◆ **REQUIREMENT**
Without changing a thing, reproduce the entire listing and leave out its pictures.

[Opening COLLECTED MATERIAL section]

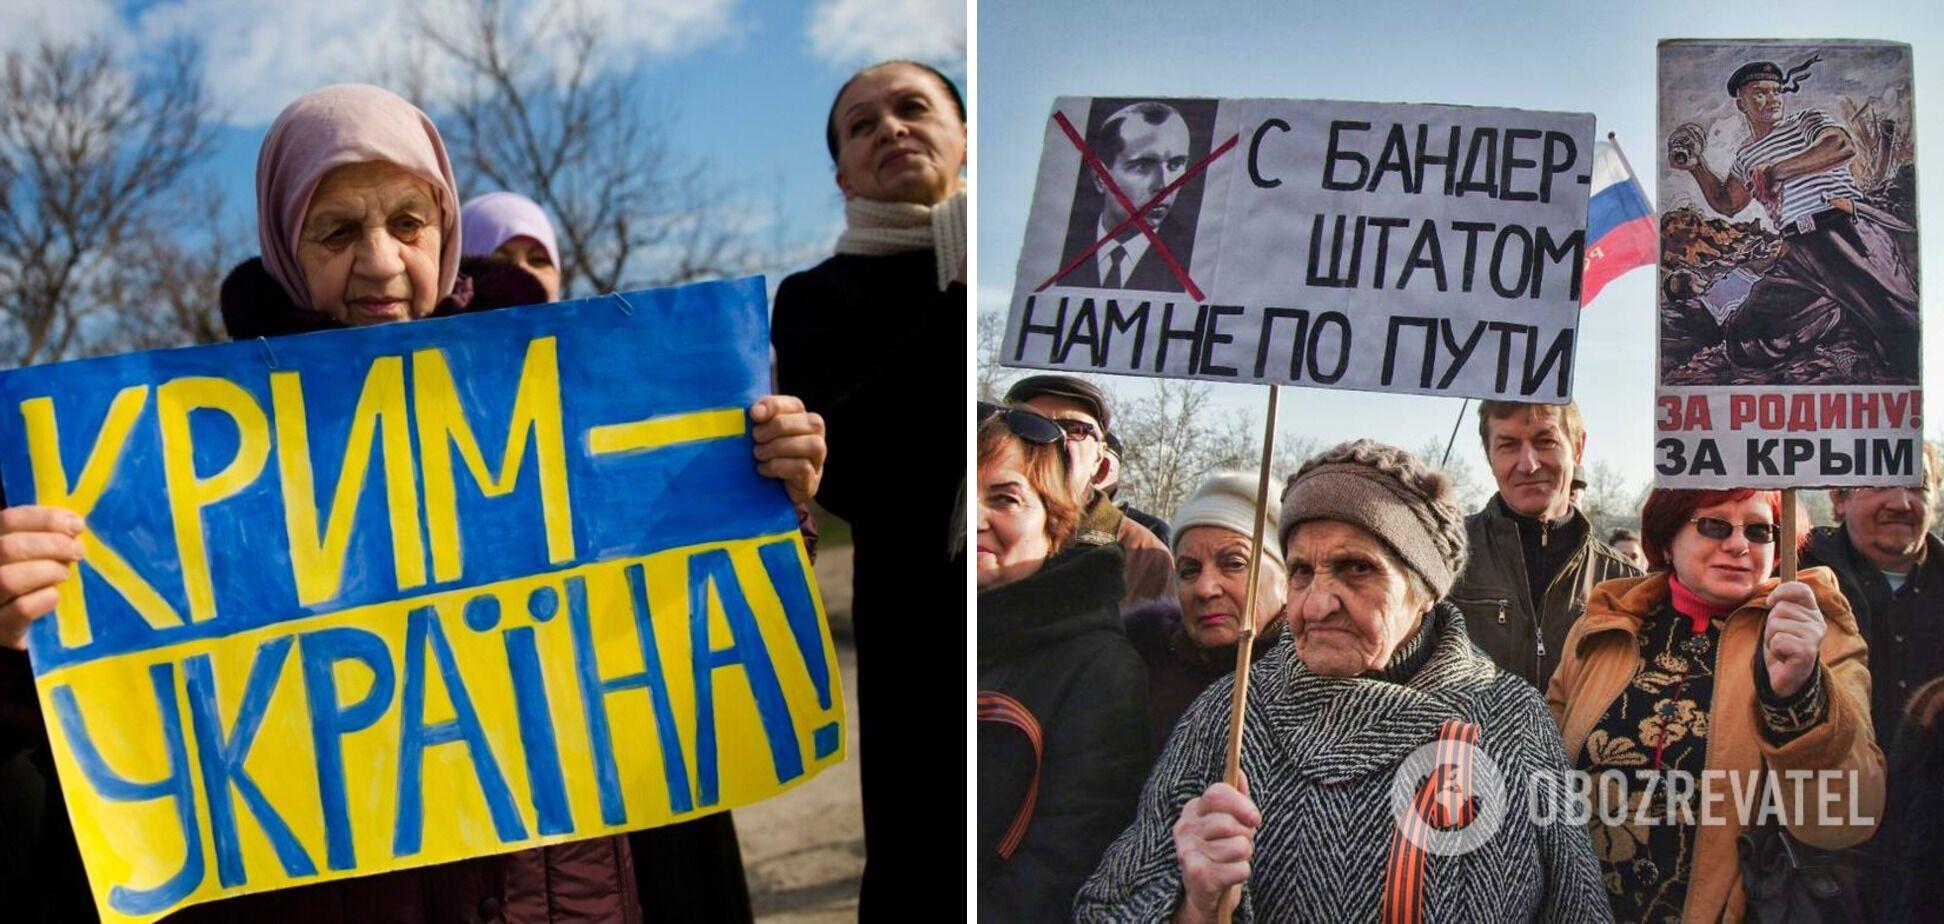 Новости Крымнаша. Россия поняла сразу: крымчане, пожившие при Украине, очень отличаются от россиян
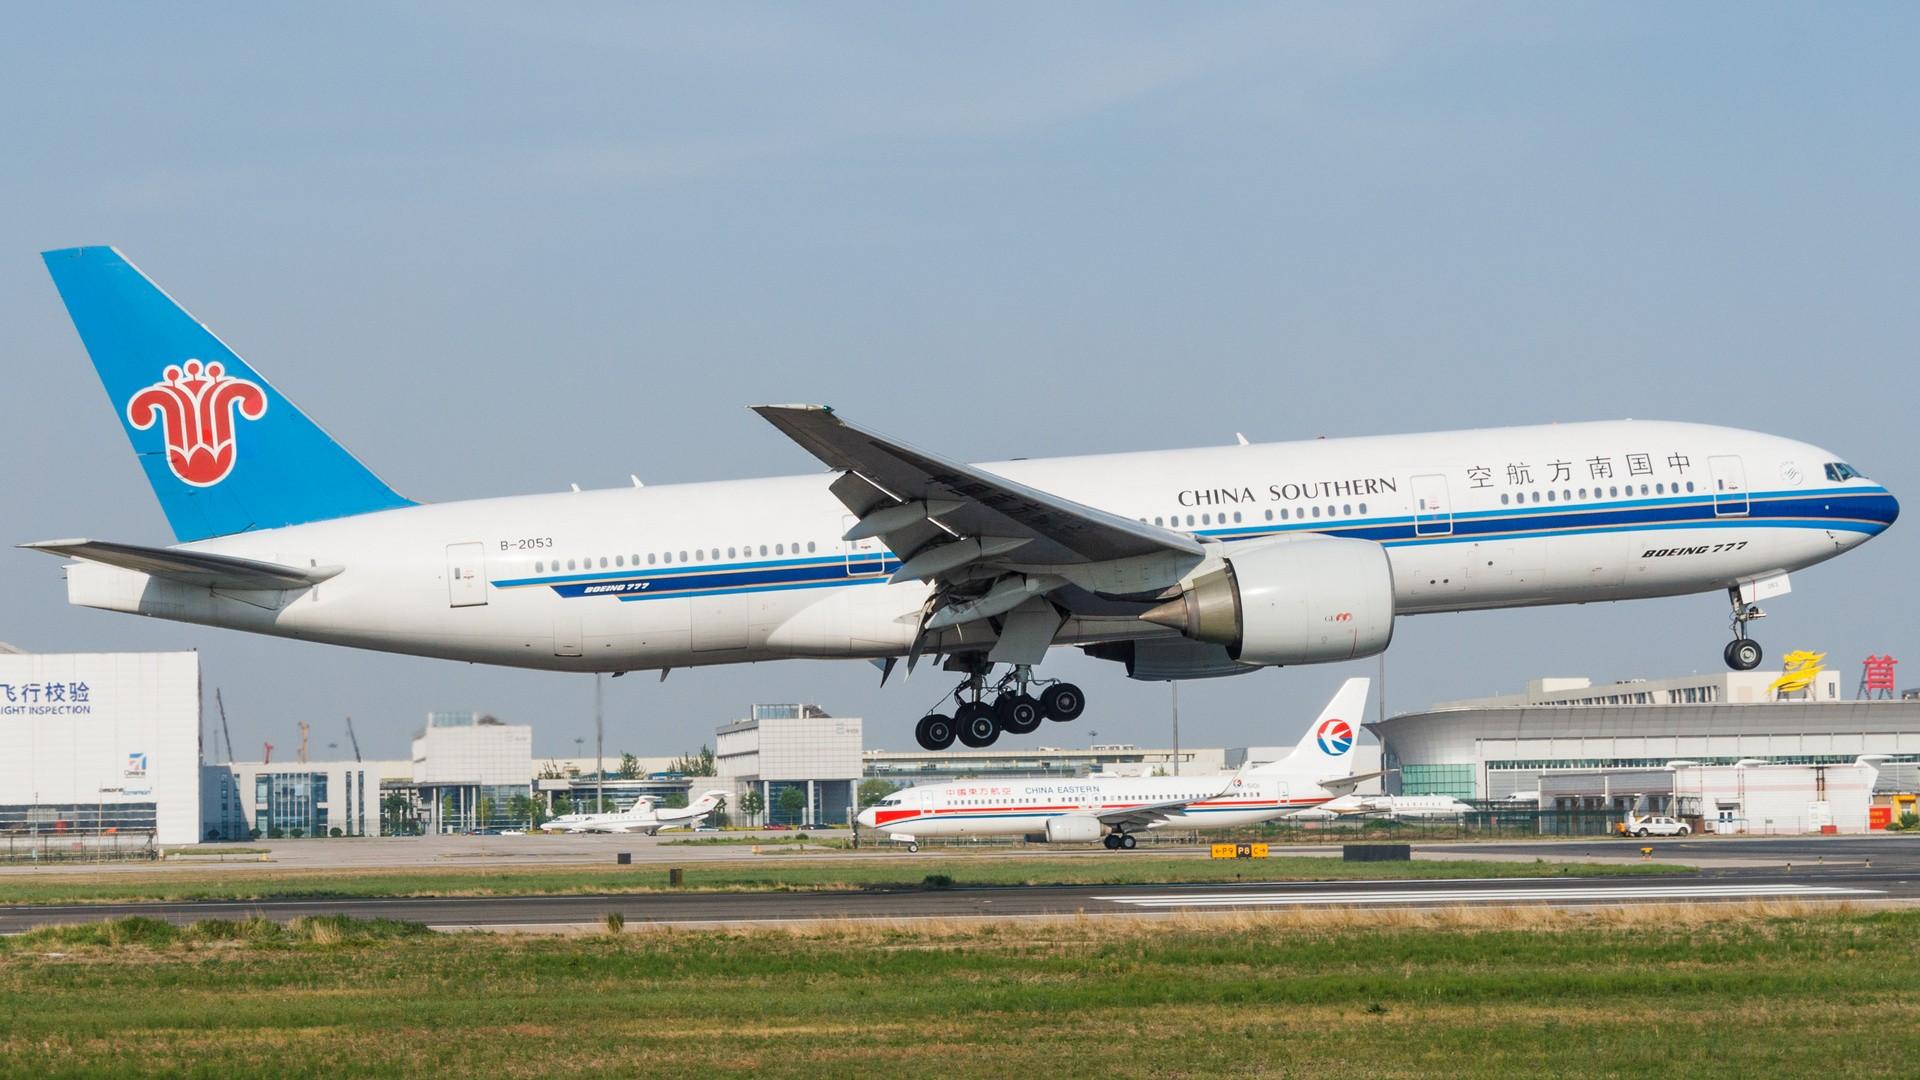 【一图党】【PEK】中国南方航空 B-2053 BOEING 777-200 B-2053 中国北京首都国际机场
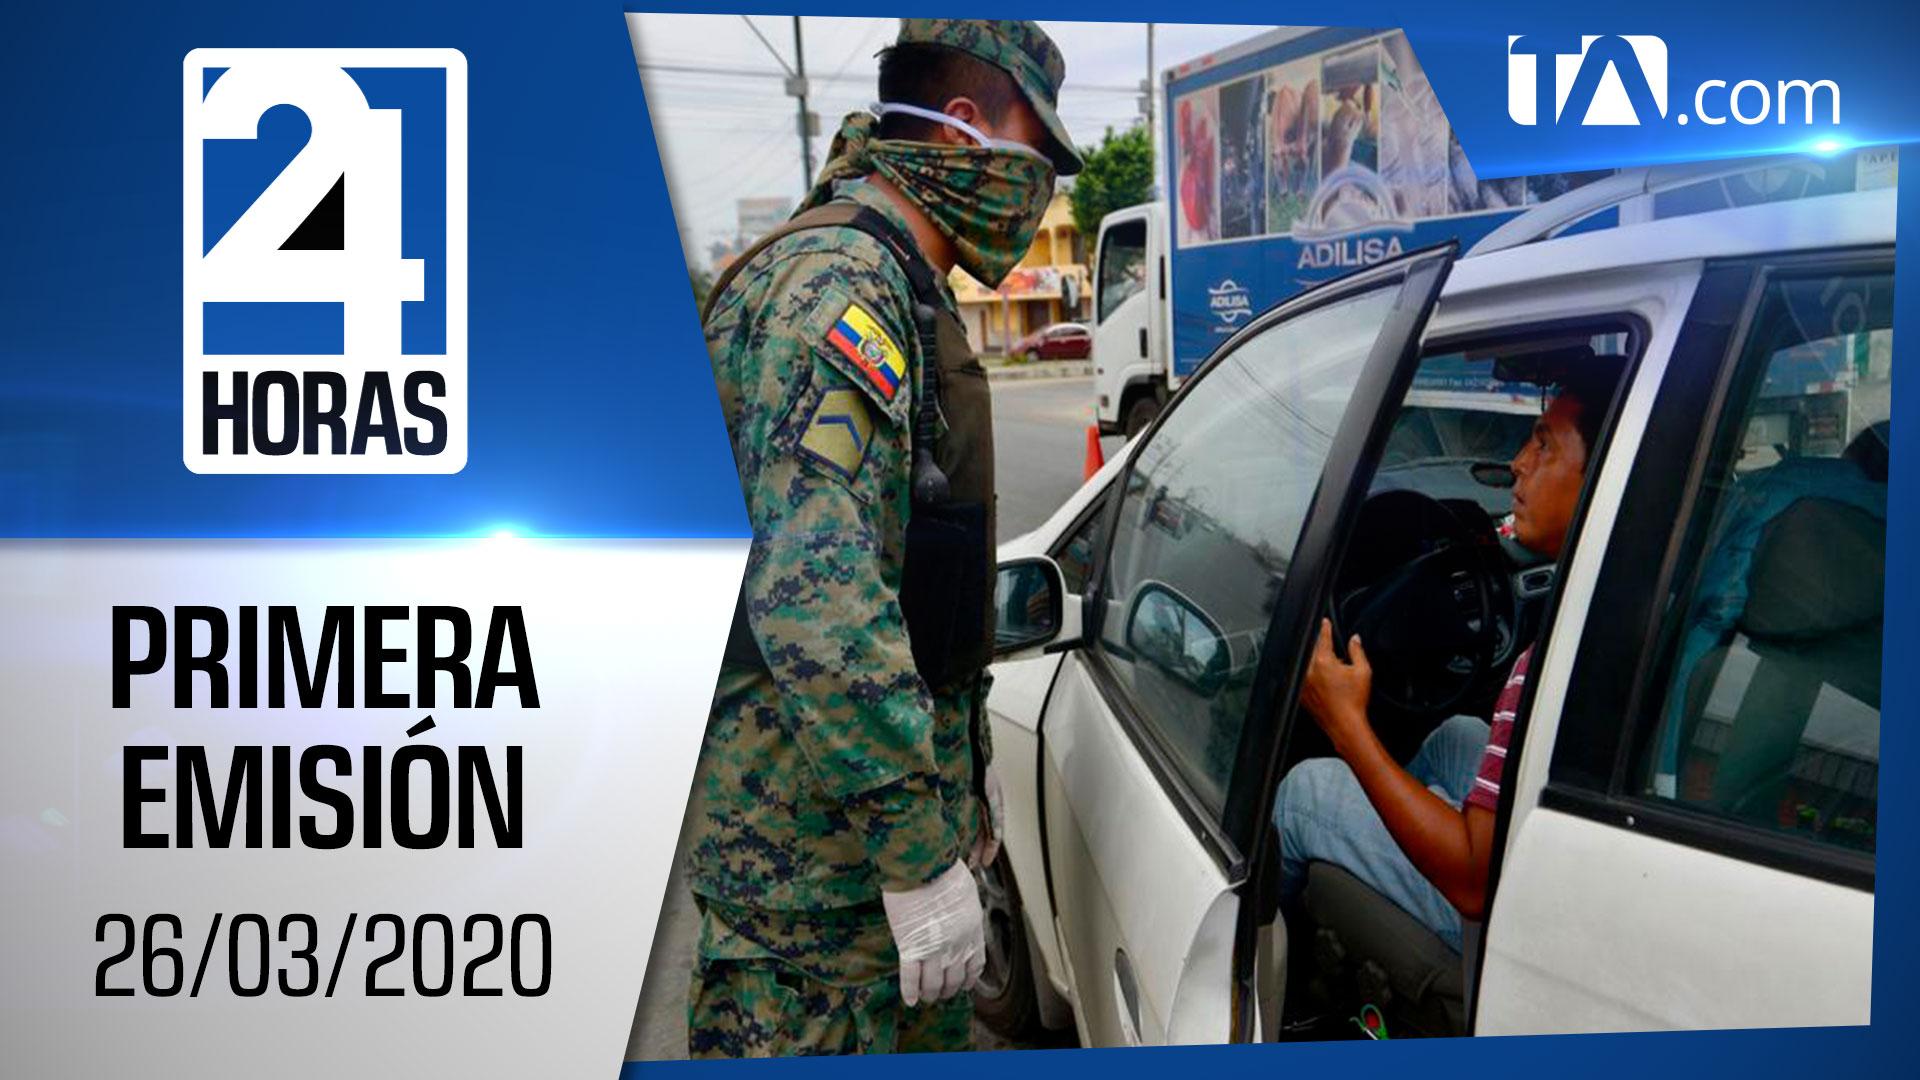 Noticias Ecuador: Noticiero 24 Horas 26/03/2020 Primera Emisión
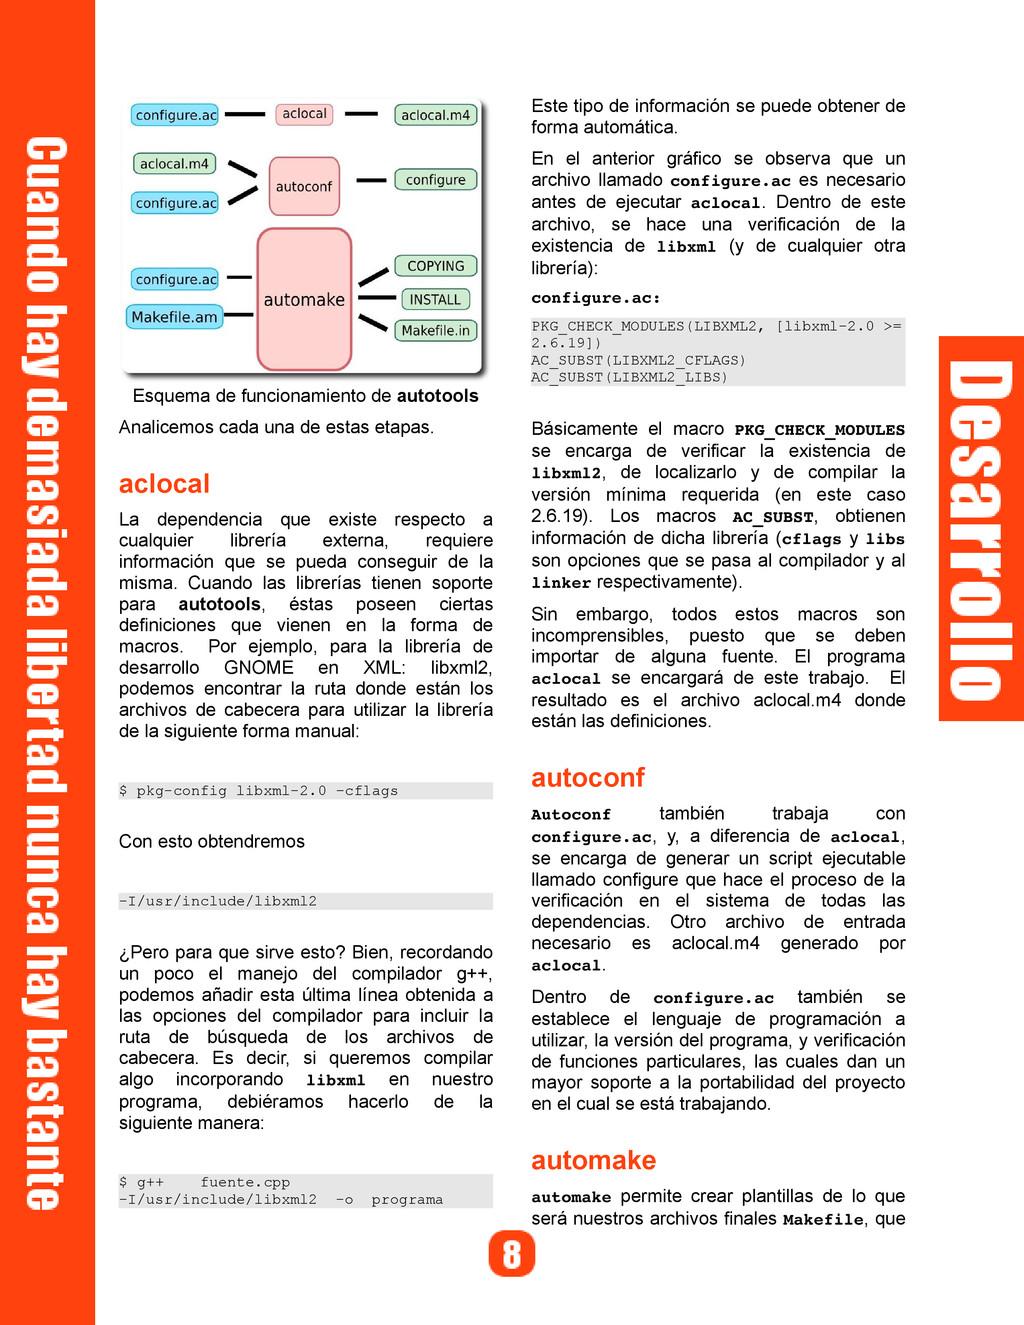 Esquema de funcionamiento de autotools Analicem...

[Closing COLLECTED MATERIAL section]

◆ **EXERCISE OUTPUT**
 Новости Крымнаша. Россия поняла сразу: крымчане, пожившие при Украине, очень отличаются от россиян
 【一图党】【PEK】中国南方航空 B-2053 BOEING 777-200 B-2053 中国北京首都国际机场
 Noticias Ecuador: Noticiero 24 Horas 26/03/2020 Primera Emisión
 Esquema de funcionamiento de autotools Analicem...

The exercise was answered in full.